In attempting to relate translators’ feedback to their own background and quantitative results, our data can give us some useful insights into their potential relationship. While Moorkens and O’Brien (2015) reported that PE was perceived by some translators as a tedious activity, and that experienced translators were more likely to have negative views of PE than novice translators, in our study, we did not find any indication that experienced translators had negative views towards ITP, provided they also had PE experience. In fact, the more experienced translator (TrA), both in terms of length of experience (> 10 years) and translation volume in the previous 12 months (> 55k words)—who had between two and five years’ PE experience—expressed, as detailed above, consistently positive views of ITP. In terms of translation productivity indicators, as shown in Table 2, TrA logged the fastest PE time and the second fastest ITP time of all translators. TrA also produced the highest quality texts in the PE condition and the highest quality texts of all translators in the ITP condition.

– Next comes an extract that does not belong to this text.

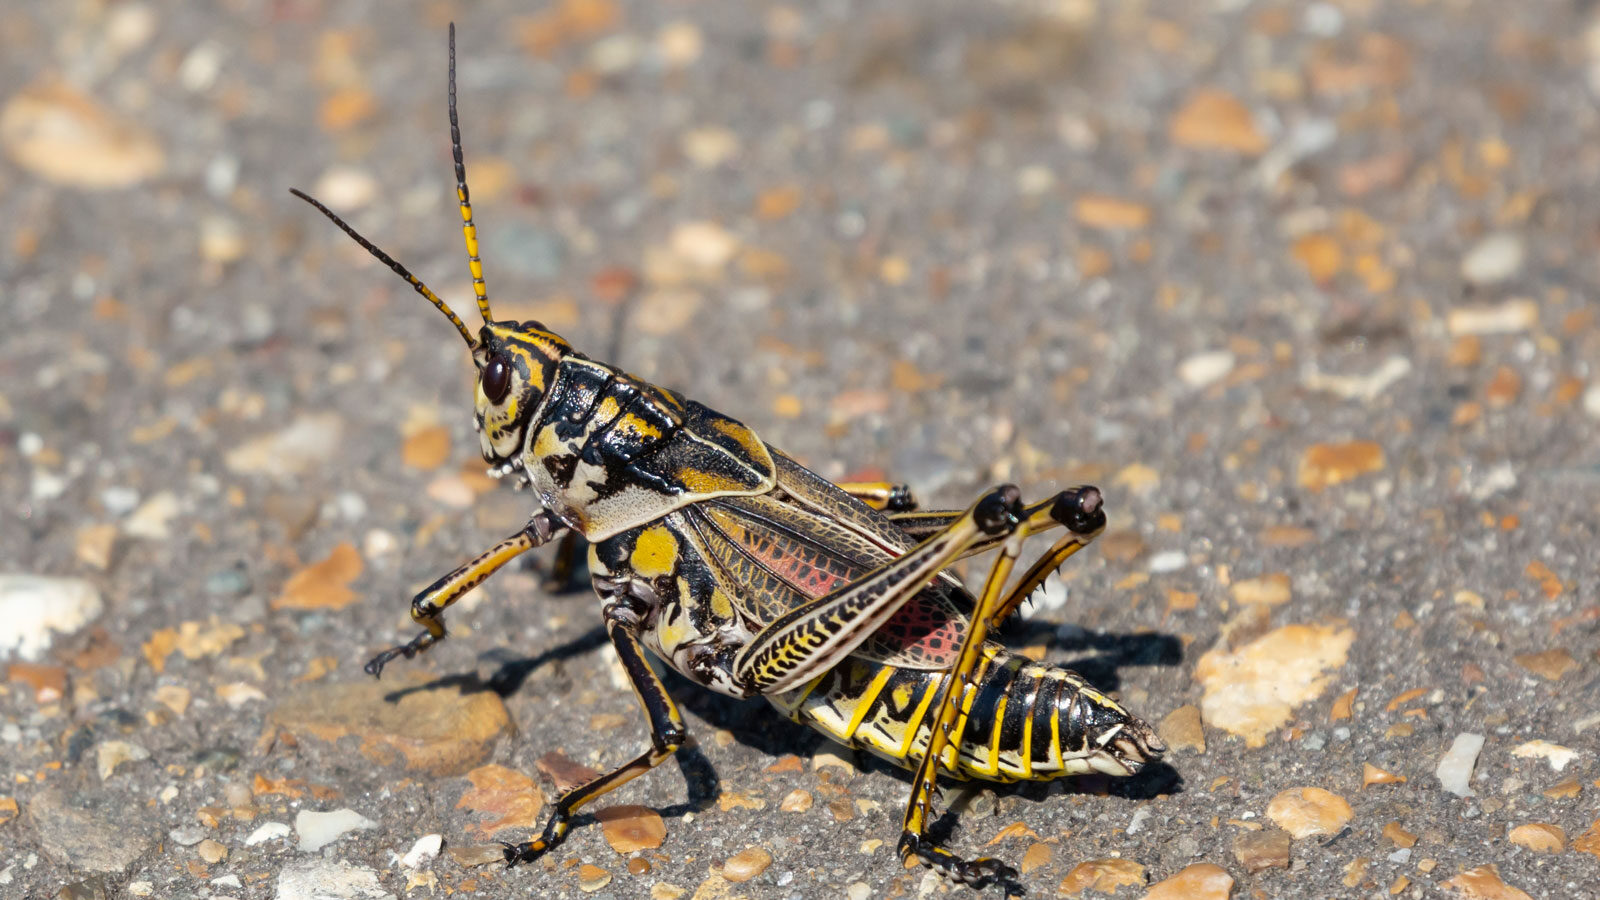 Adult eastern lubber grasshopper standing on concrete

Regardless of their translation experience, professional translators with little or no PE experience though, may be more reluctant to engage in ITP. The two translators who expressed negative views of ITP—TrG to a minor degree, and, much more markedly, TrB—had, respectively, less than two years’ PE experience or no PE experience. Finally, there is some indication that translators who have formal PE training or provide PE services frequently benefited the most from ITP. In fact, of the four translators who were faster in ITP than in PE, two have PE industry certifications (TrC [TAUS]; TrF [SDL]) and one (TrE) provides frequent PE services.


As is usual with research studies on translation processes, the empirical work discussed here presents several limitations which may have had an influence on the obtained results. Specifically, while casmacat is suitable for research on translation processes due to its extensive logging capabilities and it being open-source and web-based, it does not present features that are common in commercial CAT tools, such as multiple search and replace or spell checkers, to which professional translators are accustomed. This limited functionality may have contributed to slowing down translators and, most likely, to the presence of spelling issues. Additionally, cost and convenience motivated our sample size, quality assessment and language pair choices, therefore restricting the application of our findings.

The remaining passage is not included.